Trophoblastic diseases include complete and partial hydatidiform mole, postmolar tumor, gestational choriocarcinoma, testicular choriocarcinoma, and placental site trophoblastic disease. These are also major sources of hCG. Precise hCG determinations are crucial in patients with trophoblastic diseases to assess the mass of tumor, the successful treatment of malignancy, or recurrence or persistence of disease (3)(4)(5). In trophoblastic diseases, hyperglycosylated hCG, nicked hCG, hyperglycosylated and nicked hCG, or nicked or nonnicked free ß subunit may be the principal source of immunoreactivity in serum (2)(3)(4)(5)(6)(7). Additional hCG variants are found in patients with trophoblastic diseases. These include nicked hCG missing the ß subunit C-terminal peptide, residues 92–145, and alternatively nicked hCG (cleaved at ß43–44 or ß44–45) (1). The inability of commercial hCG tests to fully detect these hCG variants has led to failure to detect persistent or recurrent trophoblastic diseases, requiring urgent chemotherapy or other surgery (4)(8)(9).

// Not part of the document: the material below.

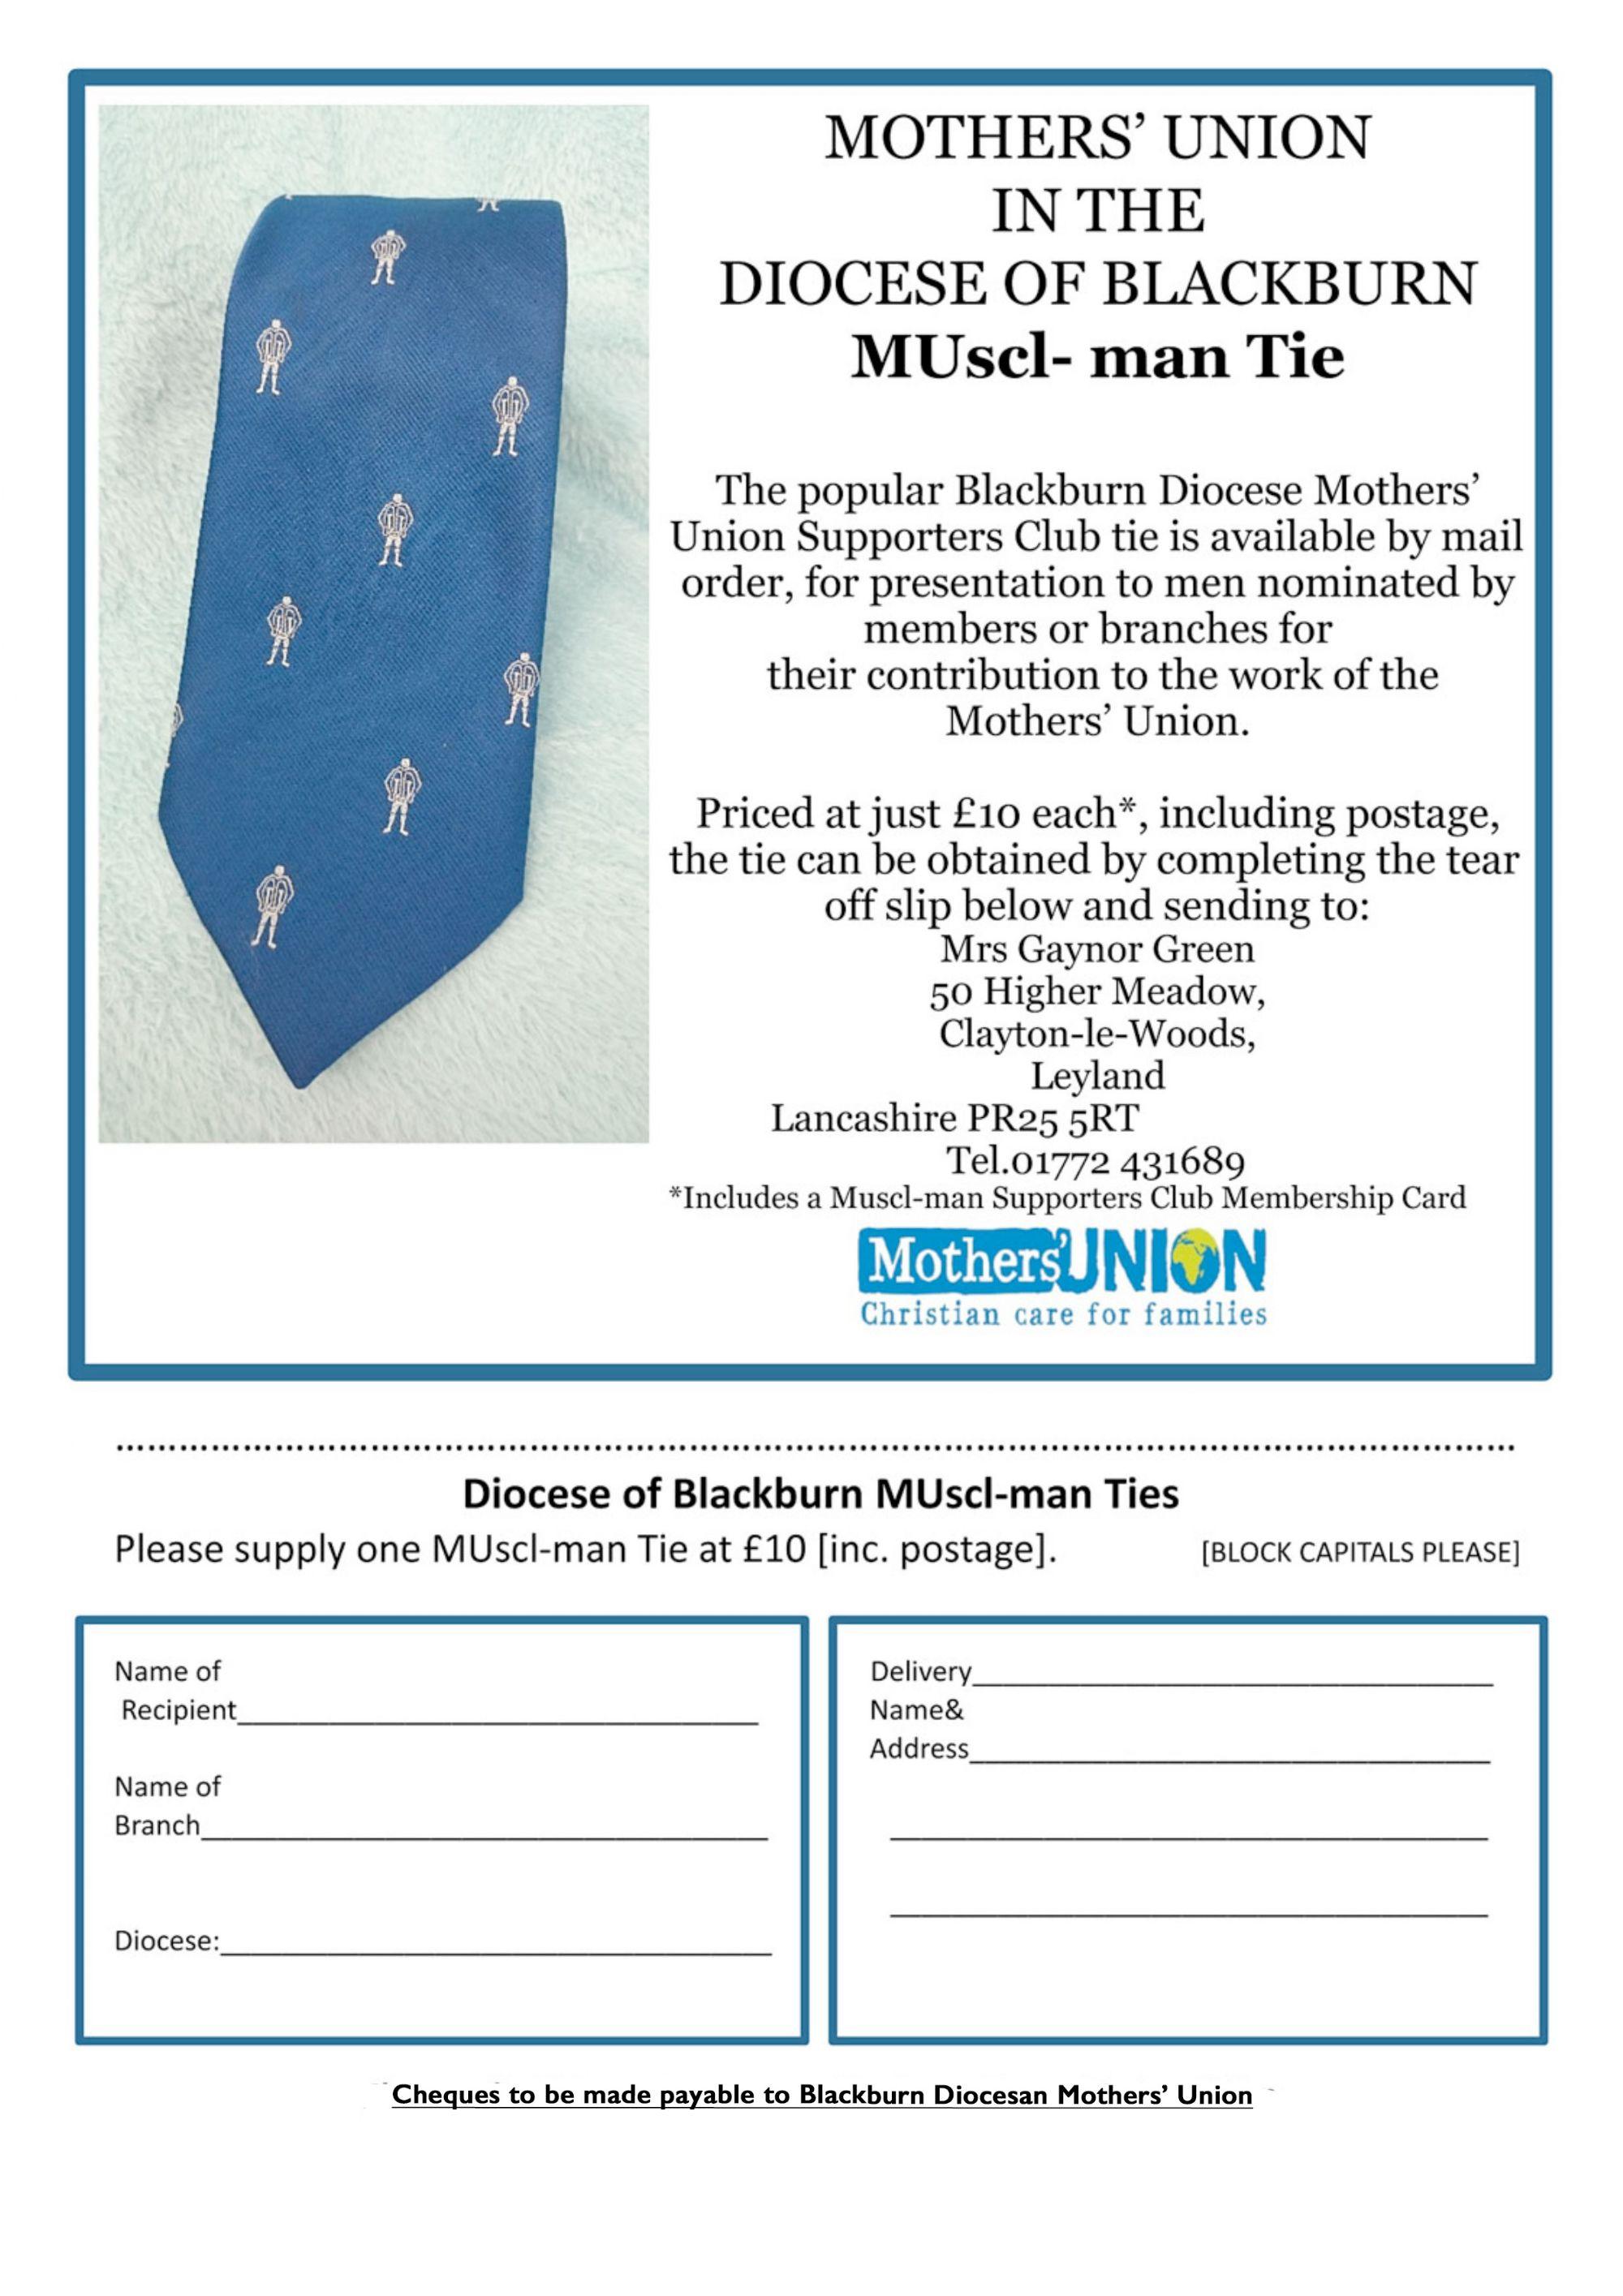 MUscl-man Tie

Several centers have claimed that the competitive polyclonal anti-hCGß RIA is the only type of assay that detects all of these variants equally and is the only test appropriate for monitoring trophoblastic diseases (4)(7)(10)(11). For this reason, the hCGß RIA has been proclaimed the "gold standard" for hCG testing in trophoblastic disease applications (4)(7). A hCGß RIA should not be mistaken for a hCG, hCG, or hCGß C-terminal peptide RIA, which may be much less broad in specificity. Other laboratories have found that newer immunometric assays and automated immunometric assays may also be appropriate for trophoblastic disease management or may even offer an improvement for this application (6)(12)(13)(14)(15). Our objective was to thoroughly examine the appropriateness of different hCG (or hCGß) assays for monitoring patients with trophoblastic diseases. We examined the ability of six of the most commonly used automated immunometric assays to detect hCG and its variants in trophoblastic disease cases and to avoid unduly low or false-negative immunoassay values. Results were compared with a commercial laboratory’s competitive hCGß RIA, the gold standard.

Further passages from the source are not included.